Stranded Sea King hitches a lift
Thanks to the UK Ministry of Defence for providing another item for the “not something you see every day” files, and for proving why the Royal Air Force calls the Chinook a “support helicopter”.
A Sea King search and rescue crew from the Royal Navy’s HMS Gannet unit – located at Glasgow Prestwick airport – “identified a potential defect” during a training flight in Glencoe, Scotland on 13 October, and swiftly put the aircraft down on a recognised landing spot outside a hotel. Other reports variously suggest the issue was engine- or gearbox-related, but the MoD hasn’t commented on that as yet.
With the Sea King safe but stranded, and with its main and tail rotor blades removed, a Chinook from RAF Odiham was on 18 October tasked with moving it to a car park just over a mile away (both images courtesy of Crown Copyright), where it could be moved onto a low-loader for its return journey to Prestwick.
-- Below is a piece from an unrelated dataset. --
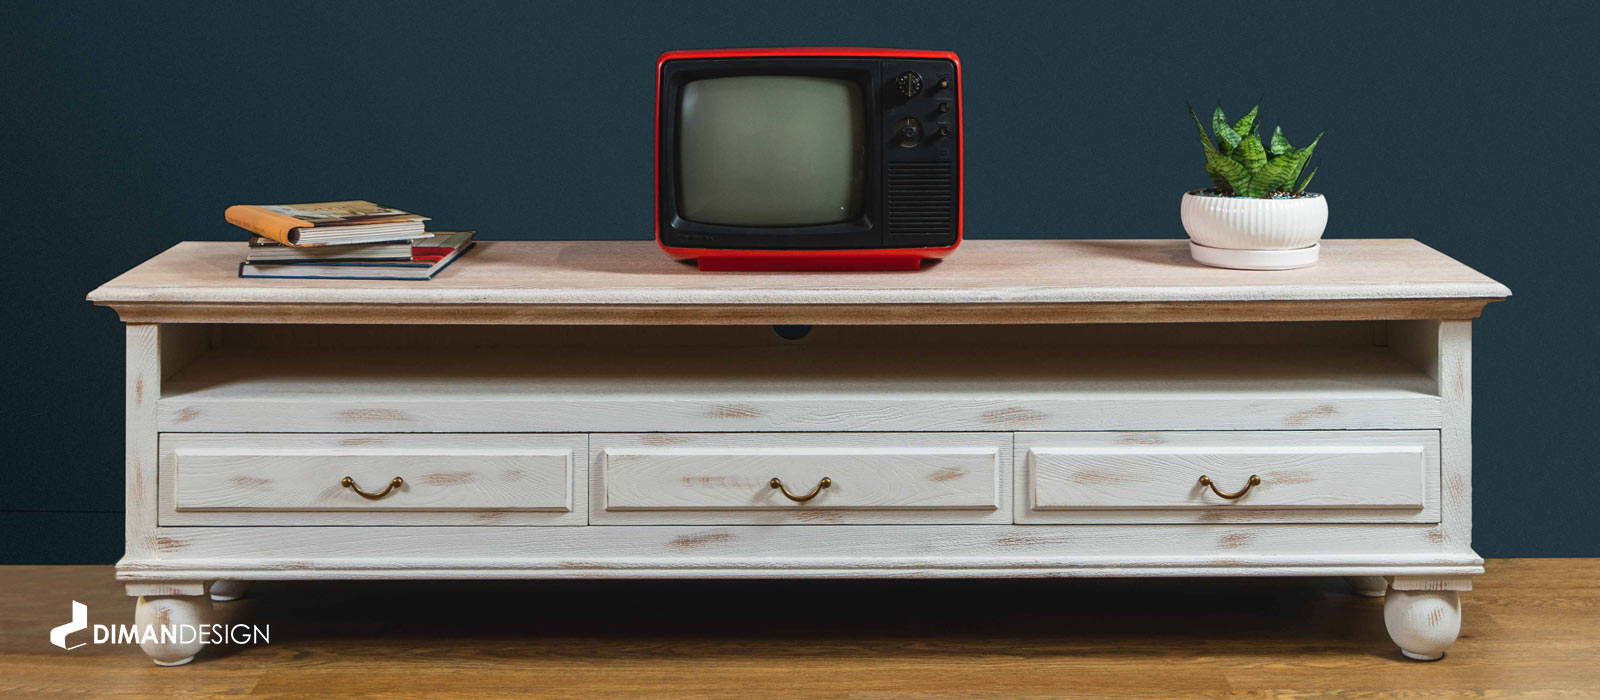 Diman Neoclassical Tv Table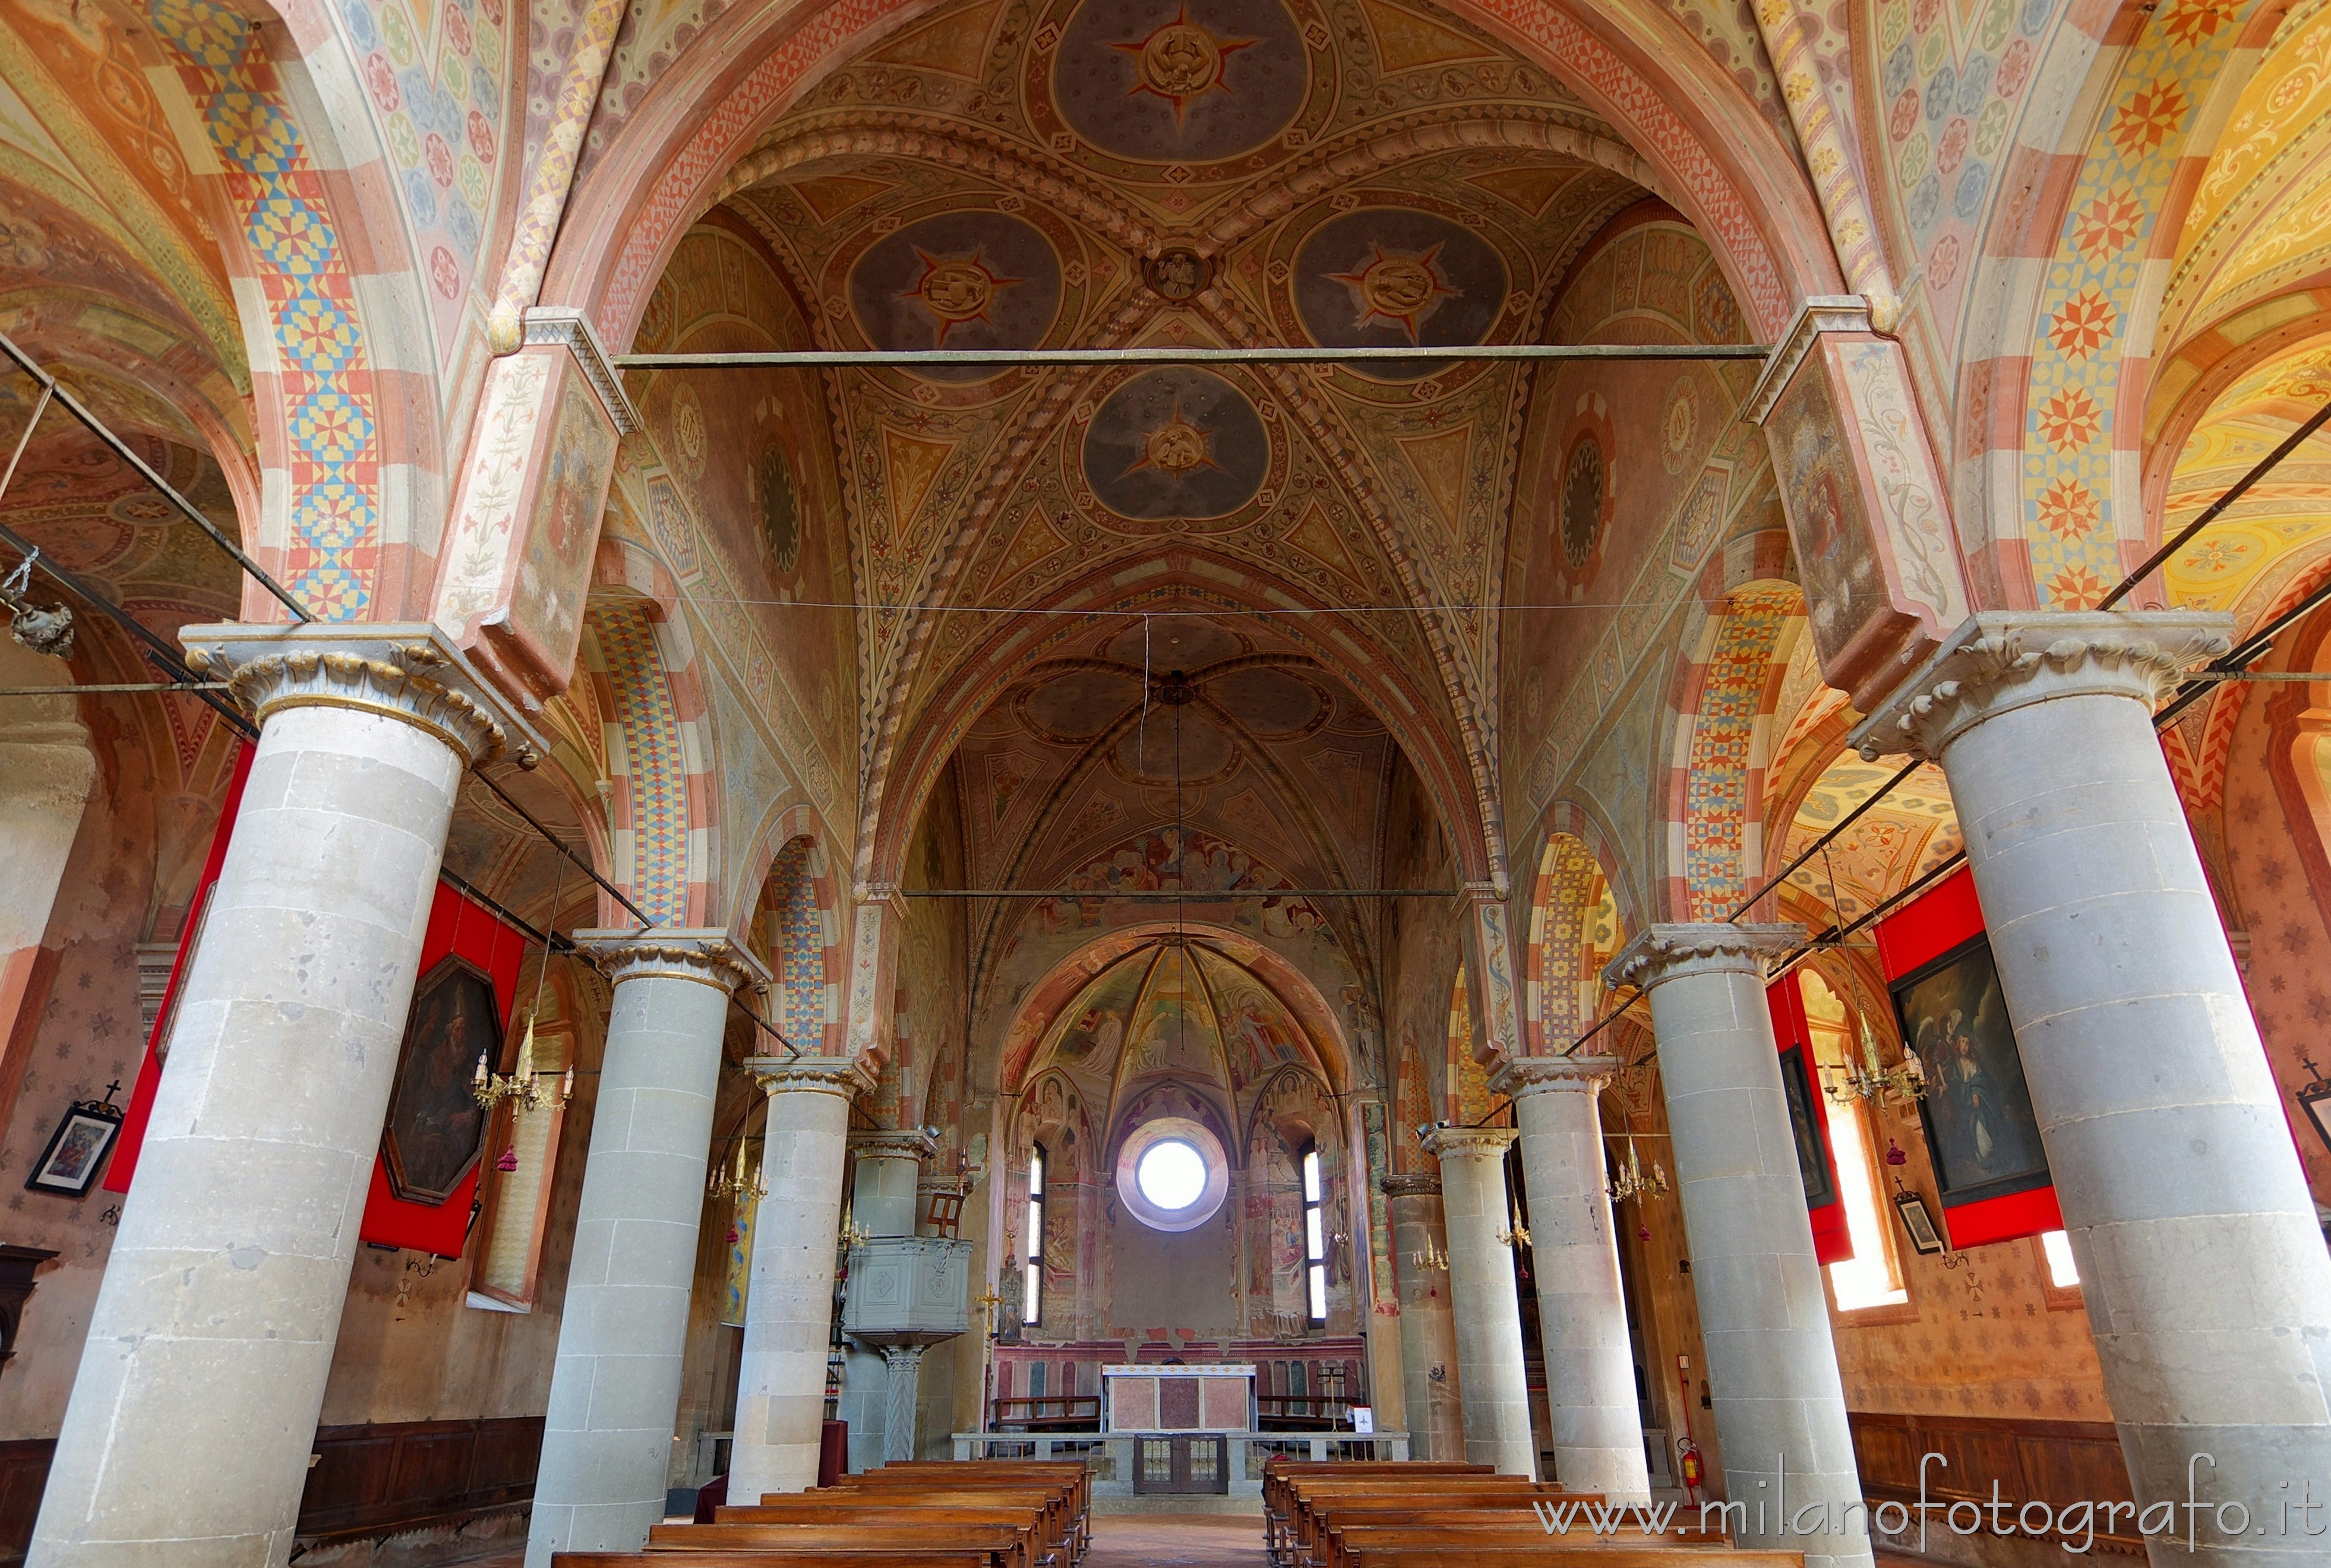 Castiglione Olona (Varese): Interno della Chiesa Collegiata dei Santi Stefano e Lorenzo - Castiglione Olona (Varese)

I suspect there was probably some lively banter between the “light blue” and “senior service” crews involved, but the MoD’s official line is that it was “a real team effort”, and provided the Chinook crew with an ”invaluable outsized load training” opportunity. The RN lists the Sea King HU5′s unladen weight as being 9.7t; just shy of the CH-47′s underslung load capacity of 10t.